A whirring noise began, adding to the already considerable din. The whirring grew louder and louder, and a shower of sparks flew up from somewhere on the far side of the box. Then there was a loud POP, a bright flash of light, and a huge cloud of smoke billowed up and filled the screen.
“Holy moley!” Annie exclaimed, coughing.
When the smoke cleared, the machine was gone.
“Holy double moley!” she said, a tone of astonishment tingeing her voice.
On screen, nothing moved for a few seconds, then there was a loud crackling sound and bolts of static electricity filled the air. A whining buzz began, first very faint, then louder and louder, and…WHUMP!
The machine reappeared…out of thin air.
Thin wisps of steam emanated from the cardboard surfaces. After a few moments, the blinking lights winked out and all the whirling, spinning gizmos gradually slowed down and stopped.
Annie appeared on the screen as she rushed over to the machine. “Bentley?” she called out. “Bentley, are you all right?”
The hatch opened, and Bentley struggled to get out, stepping gingerly over the edge with one leg. He squeezed his body through the small opening, then followed with his other leg. He stood up and stretched.
As Annie watched, her mouth dropped open in astonishment.

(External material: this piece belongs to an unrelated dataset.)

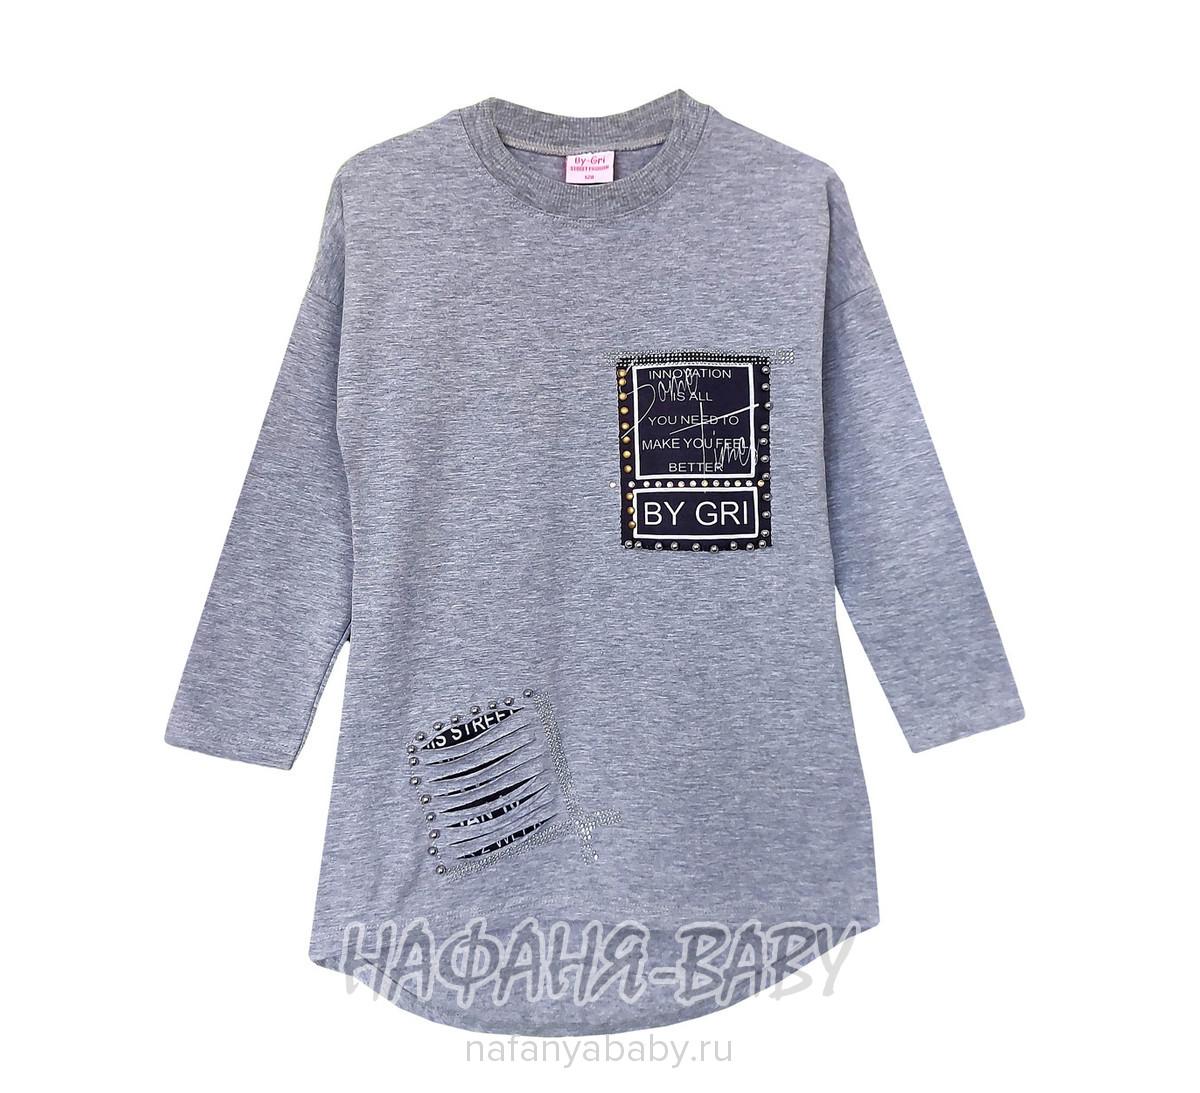 Детская трикотажная туника BY GRI арт: 13650, 10-15 лет, 5-9 лет, цвет серый меланж, оптом Турция

Bentley was different. He was…taller. His clothes were nicer. The nerdy glasses were gone. And his features were strange somehow, more developed. More mature. He looked older. He looked like…a fifteen-year old.
As he stood there stretching the kinks out, Annie stammered, “Bentley? What…?” “Who are…?”
“It’s me, Annie,” he answered. “I went two hundred years into the future, to the year 2208. I stayed there for four years.”